Here are the answers to help check your understanding:

### 1. What does the loss function measure in regression?

**Answer:** The loss function (MSE - Mean Squared Error) measures the average squared difference between predicted and actual values. It penalizes larger errors more heavily than smaller ones, which encourages the model to avoid making big mistakes.

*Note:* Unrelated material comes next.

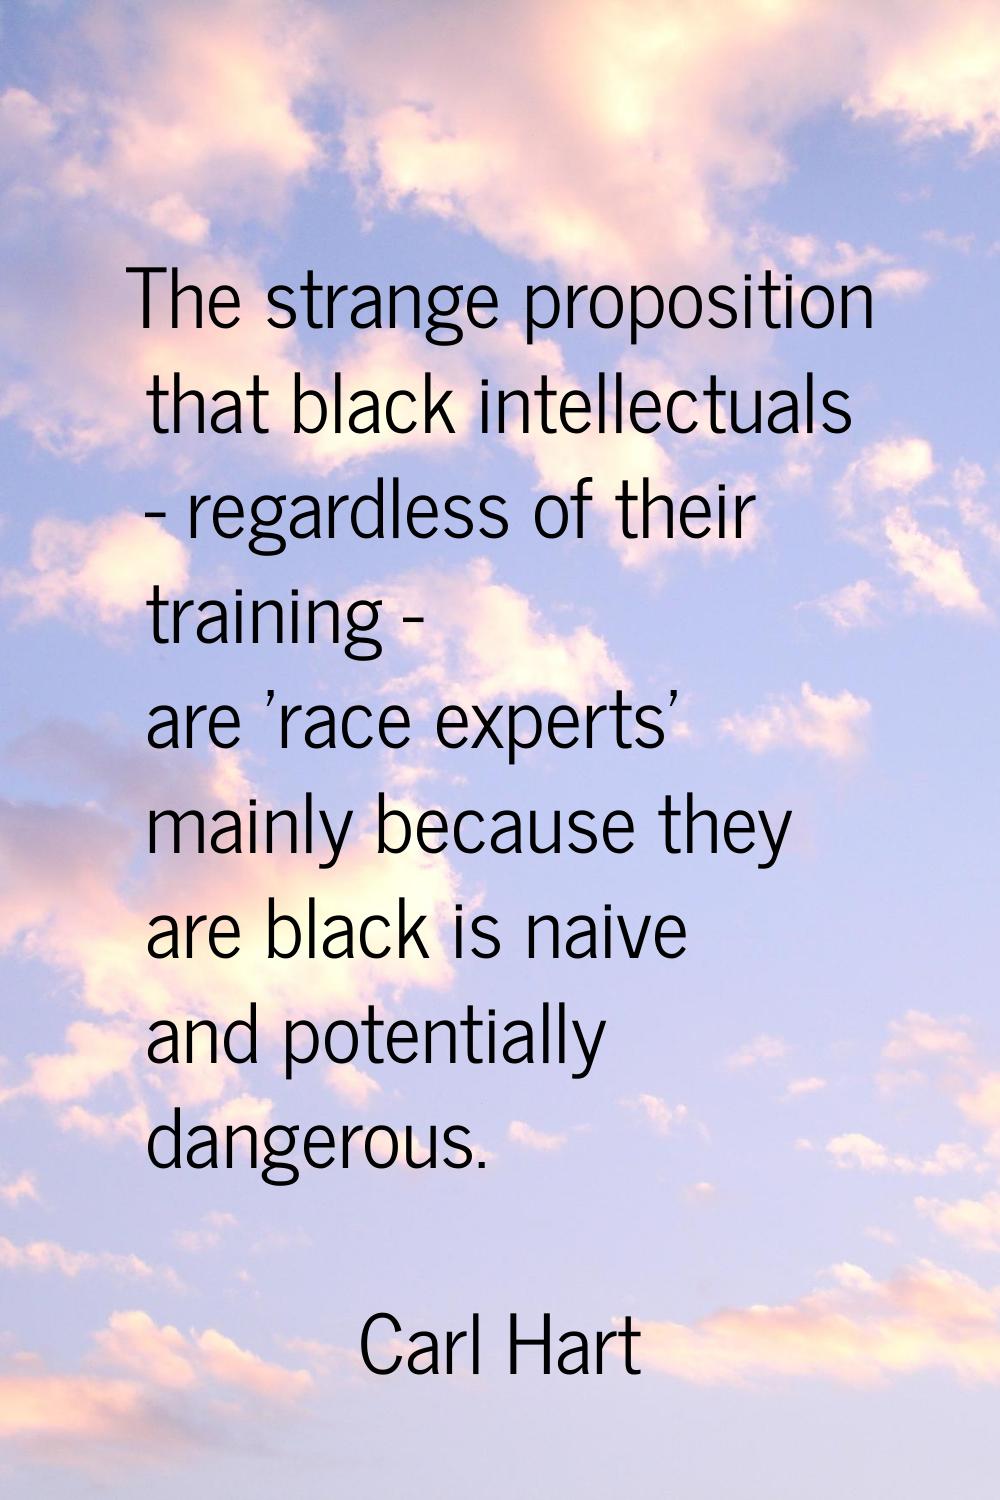 The strange proposition that black intellectuals - regardless of their training - are 'race experts

### 2. Why do we normalize the input features?

**Answer:** Normalization ensures all features are on the same scale (mean=0, std=1), preventing features with larger numerical ranges from dominating the learning process. This helps the neural network converge faster and more reliably.

### 3. What does it mean if the validation loss is much higher than training loss?

**Answer:** This indicates **overfitting** - the model has memorized the training data but doesn't generalize well to new, unseen data. The model performs well on training data but poorly on validation/test data.

### 4. How can you tell if your model is making good predictions from the scatter plot?

**Answer:** Good predictions show points clustered close to the diagonal line (y=x) in the actual vs predicted scatter plot. The R² score close to 1.0 also indicates good performance, meaning the model explains most of the variance in the data.

### 5. What would you try next to improve your model's performance?

**Answer:** Several strategies:
- **Architecture**: Add more layers or neurons, try different activation functions
- **Regularization**: Use dropout, L1/L2 regularization to prevent overfitting
- **Training**: Adjust learning rate, use learning rate scheduling, train longer with early stopping
- **Data**: Feature engineering, collect more data, handle outliers
- **Ensemble**: Combine multiple models for better predictions

## Key Takeaways

🎯 **Main Learning Points:**

1. **Data preprocessing is crucial** - Normalization helps neural networks converge faster and more reliably

2. **Monitor training progress** - Use validation data to detect overfitting and guide training decisions

3. **Multiple evaluation metrics** - MSE, MAE, and R² provide different perspectives on model performance

4. **Visualization is powerful** - Plots help understand model behavior and identify issues

5. **Regularization helps** - Techniques like dropout and early stopping prevent overfitting

6. **Experimentation is key** - Try different architectures, hyperparameters, and techniques to improve performance

**🎉 Exercise completed successfully!** You now have a solid foundation in neural network regression using TensorFlow and Keras.